ちなみに「スタートアップ修復で PC を修復できませんでした」というタイトルに、[詳細オプション]を押してその他のオプションで PC の修復を試すか、[シャットダウン]を押して PC の電源を切ってください。という完了画面の場合もあります。メッセージが多少違いますが、解決方法はどちらも同じです。

ただし、同じ自動修復のトラブルでも「今回のような完了画面までは進まない」、以下の症状は原因が違いまして解決方法も変わります。症状が違う場合はリンク先ページで解決方法をご確認いただければと思います。

注意点としましては、自動修復が 3 時間経っても完了しない場合は異常です。ちなみに、自動修復が完了するなら部品故障は考えられないのですが、あんまりにも時間がかかる場合はハードディスク故障の可能性もあります。データを壊してしまう恐れもありましてデータが重要という場合はご注意ください。3 時間を超えたら強制終了されたほうが良いと思います。

それでは、自動修復「 PC が正常に起動しませんでした」で Windows10 が起動しない時の原因と修復方法をレポートします。

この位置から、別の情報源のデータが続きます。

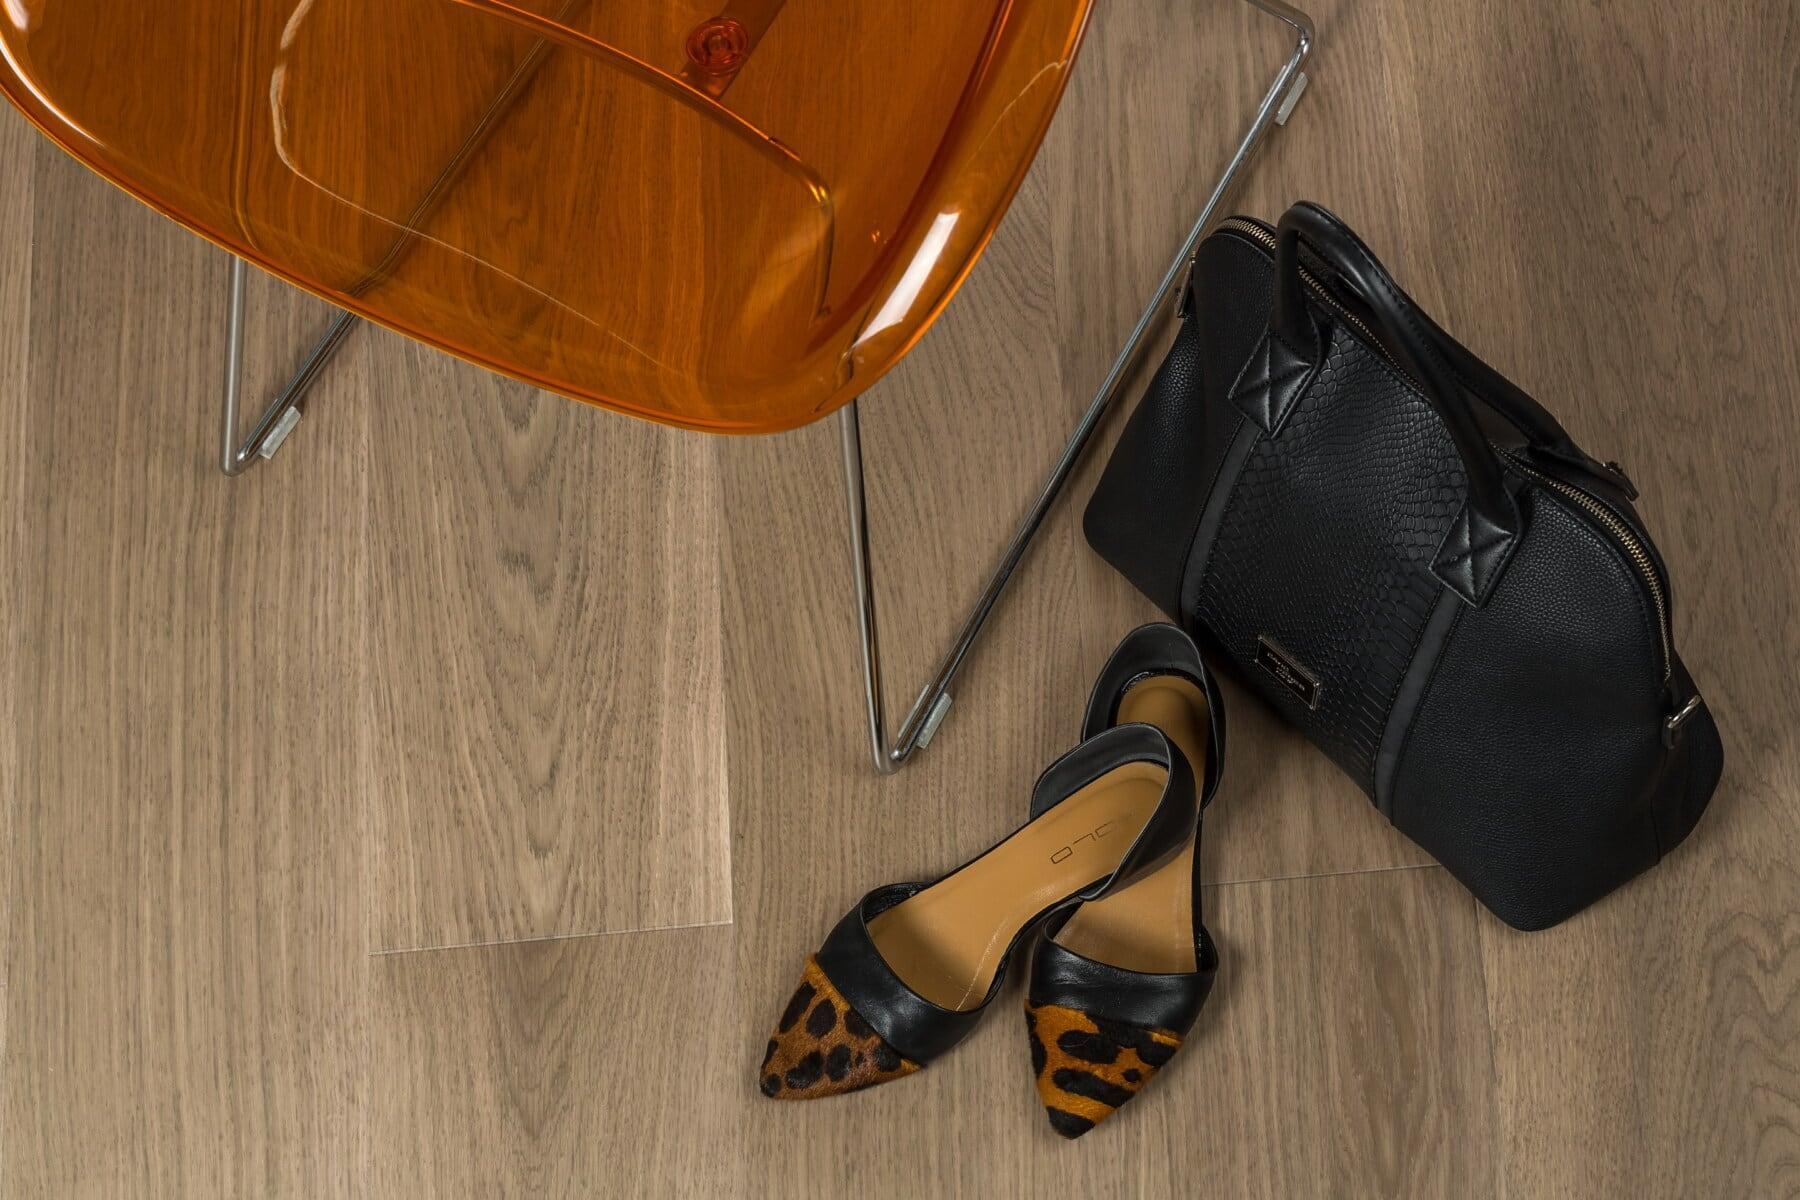 Sandal, orange gul, hæle, håndtaske, sort, læder, fancy, klassikko, styling, fodtøj

*この記事は「パソコンが苦手な方でも安心してできるメンテナンス」を目指しています。秋葉原で対面のパソコン修理をしておりまして、お客様よりお伺いする話から、これは試していただきたいこと、これはやらないほうがよいことなどをまとめた超入門編のトラブルシューティングを書きました。

  1. 自動修復が失敗する原因
  2. 「 PC が正常に起動しませんでした」 5 つの修復方法(動画)
  3. 増設部品の取り外し
  4. UEFI ファームウェアの設定
  5. 回復ドライブからの「スタートアップ修復」
  6. 回復ドライブから「更新プログラムのアンインストール」
  7. 回復ドライブからの「システムの復元」
  8. 万が一、お困りときは…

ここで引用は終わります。